# Which count as "WHOLE" grains?



## Darkstream (Sep 15, 2004)

Which of the following count as "whole" grains for diet puposes?

Brown rice - I know this one

Burghul?

couscous?

semolina?

polenta/cornmeal?


----------



## wasabi woman (Sep 15, 2004)

here's an interesting article which might answer your questions.

The Whole Grain Guide


glad you asked the question, I learned a lot!


----------



## subfuscpersona (Sep 15, 2004)

> Which of the following count as "whole" grains for diet puposes?
> Brown rice - I know this one
> Burghul?
> couscous?
> ...



I'm not sure what you mean by "diet purposes" but a whole grain is - ummmm - a whole grain. Other than brown rice, all the others you mention have been processed from the whole grain in some way, by cracking/using only part of the grain/precooking/milling.

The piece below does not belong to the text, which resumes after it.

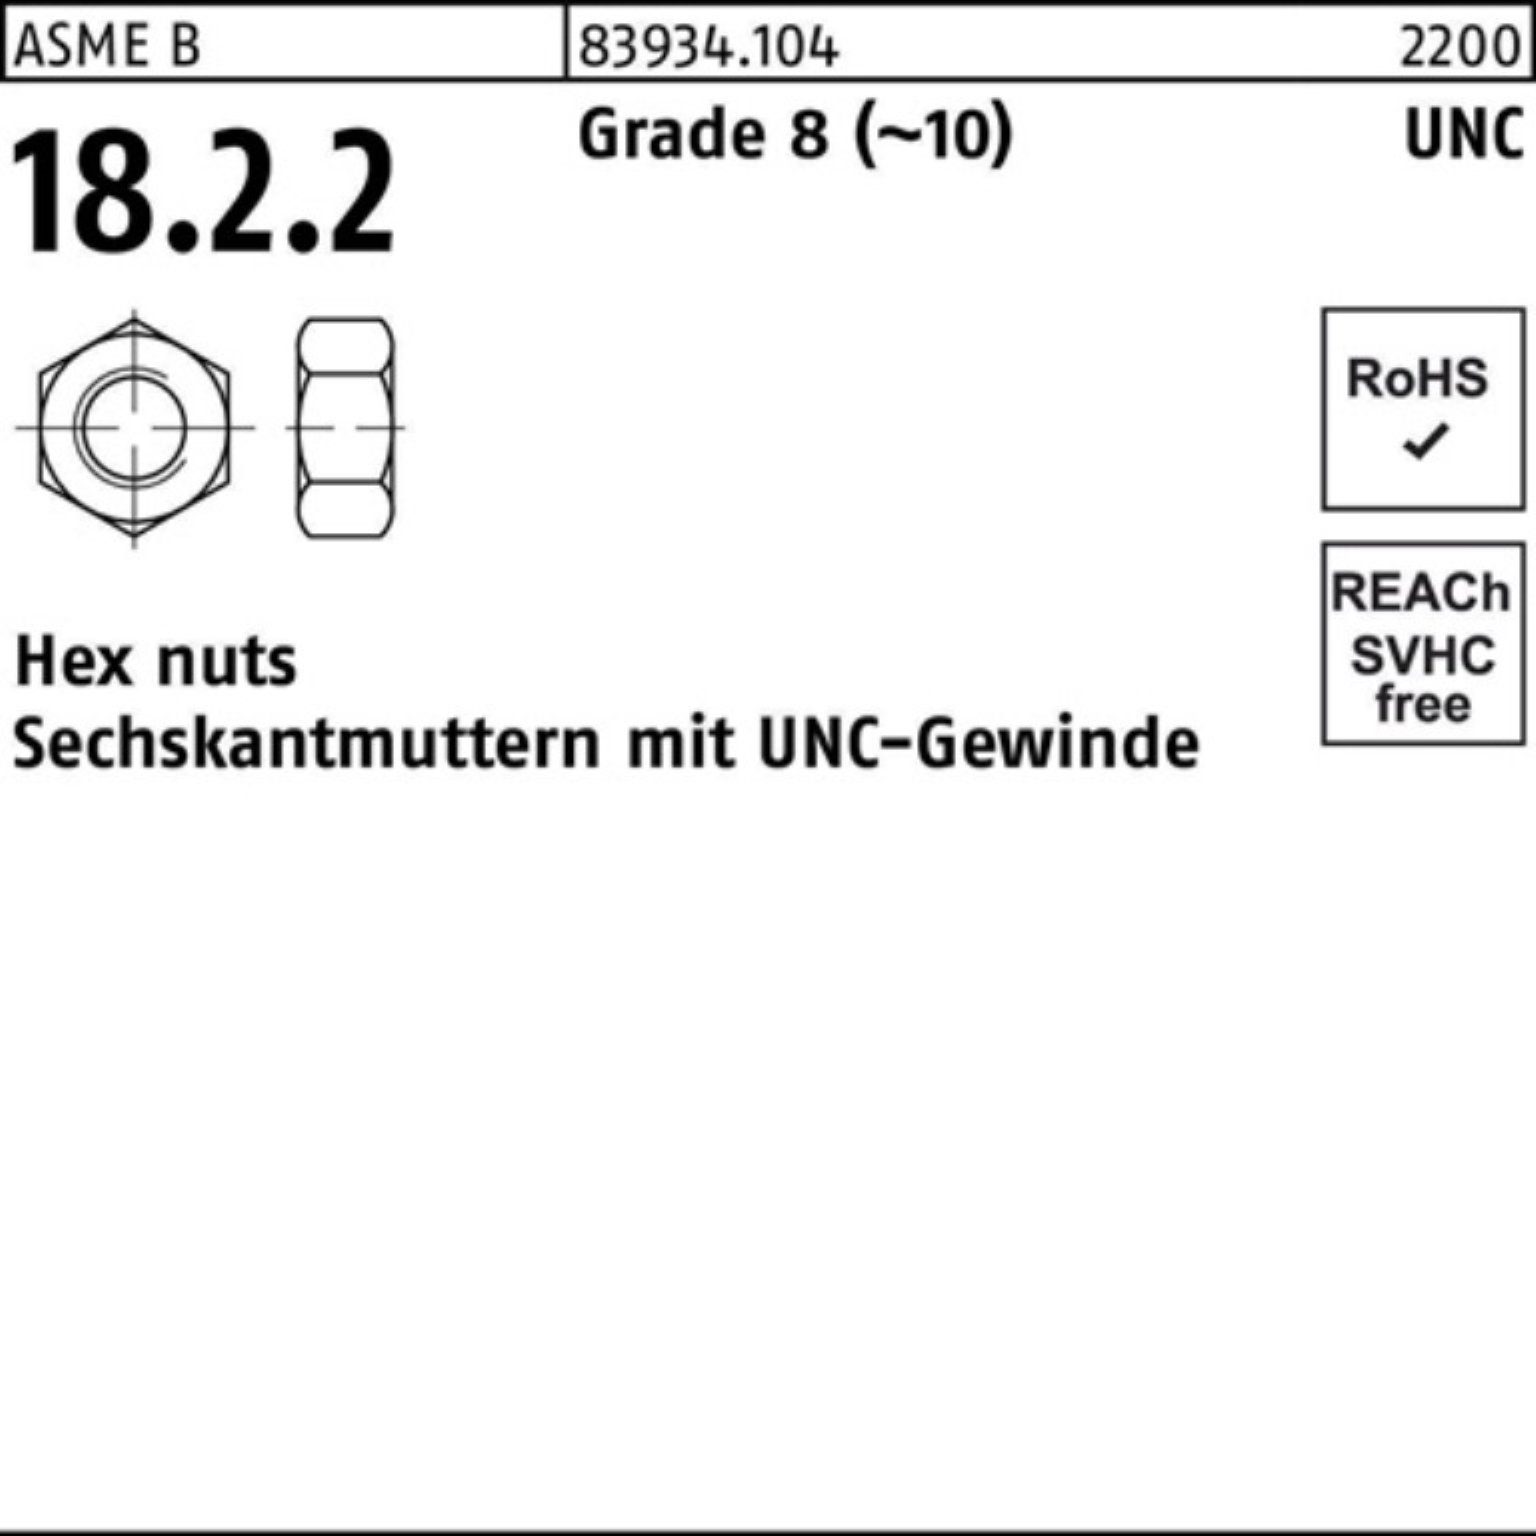 Reyher Muttern 100er UNC-Gewinde S Sechskantmutter 50 R (10) 83934 Grade 9/16 8 Pack
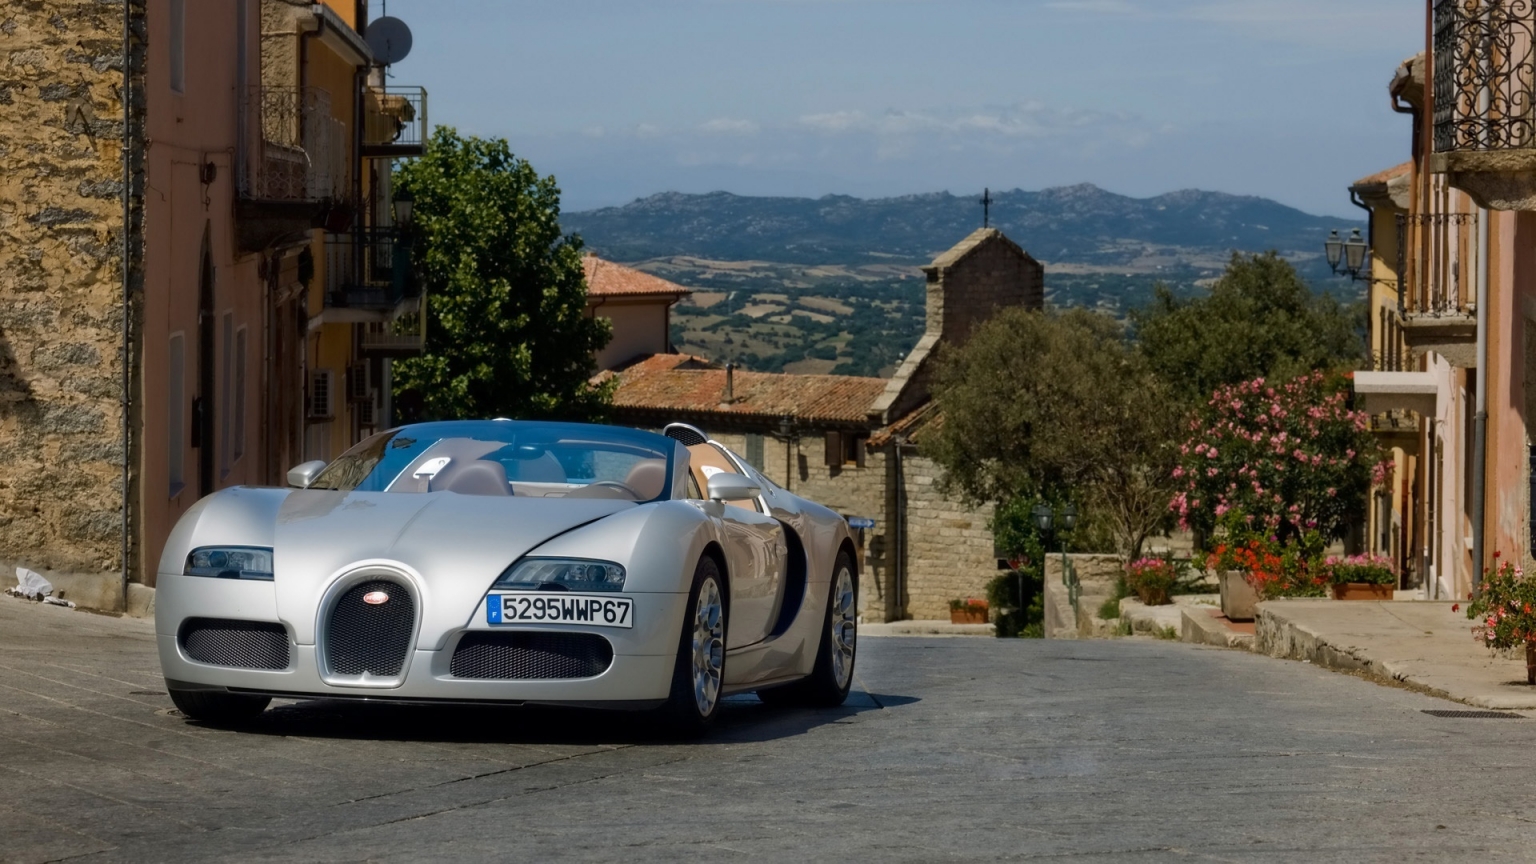 Bugatti Veyron 16.4 Grand Sport 2010 in Sardinia - Front Angle for 1536 x 864 HDTV resolution

An easy way to find definitions of these (and any other) terms is to go to Google and type in *define: <your term here>*.

BTW, _burghul_ doesn't appear this way. A straight google search for _burghul_ indicates it is simply cracked wheat. *Bulgur*, on the other hand, is is wheat that has been steamed whole, dried, then cracked.

And, as you probably know, polenta is a dish made from cornmeal. In the USA we called it corn meal mush, that that didn't sound so great on restaurant menus.


----------



## Darkstream (Sep 16, 2004)

Well really I am looking at glycemic index, or the relative carbohydrate complexity of the different forms of the grains.

I could not find a simple index for basic foods on the net. They are either very large and mostly irrelevant, or almost entirely irrelevant because they consist mostly of branded manufactured foodstufs that are location specific.

I assumed that a LESS milled or extracted grain would have a greater complexity than a fully refined product like white flour, even if it was not completly the whole grain.

But I may be wrong about that.


----------



## subfuscpersona (Sep 17, 2004)

*glycemic index resources*

I found 2 that might be of use

glycemic index database which lets you search for the glycemic index and glycemic load by entering the name of the food

Revised International Table of Glycemic Index (GI) and  Glycemic Load (GL)  Values—2002

Is this the kind of information you're looking for?


----------



## Darkstream (Sep 22, 2004)

Thanks.

The data base was initially helpful.

But these were both the lists I had discovered before, and they are full of location
specific food products.

Finally, http://diabetes.about.com/library/mendosagi/ngilists.htm is quite dangerous.
How can the glycemic index of wholemeal wheat flour range from  55 to 90, which is
nearly as much as pure glucose?

Unfortunately, this is not really very helpful.

A considerable increase in food labelling regulations is called for if people are to be
able to understand what effect a product is likely to have on them. I think this should
be a concern of healthy people as well as those on special diets.


----------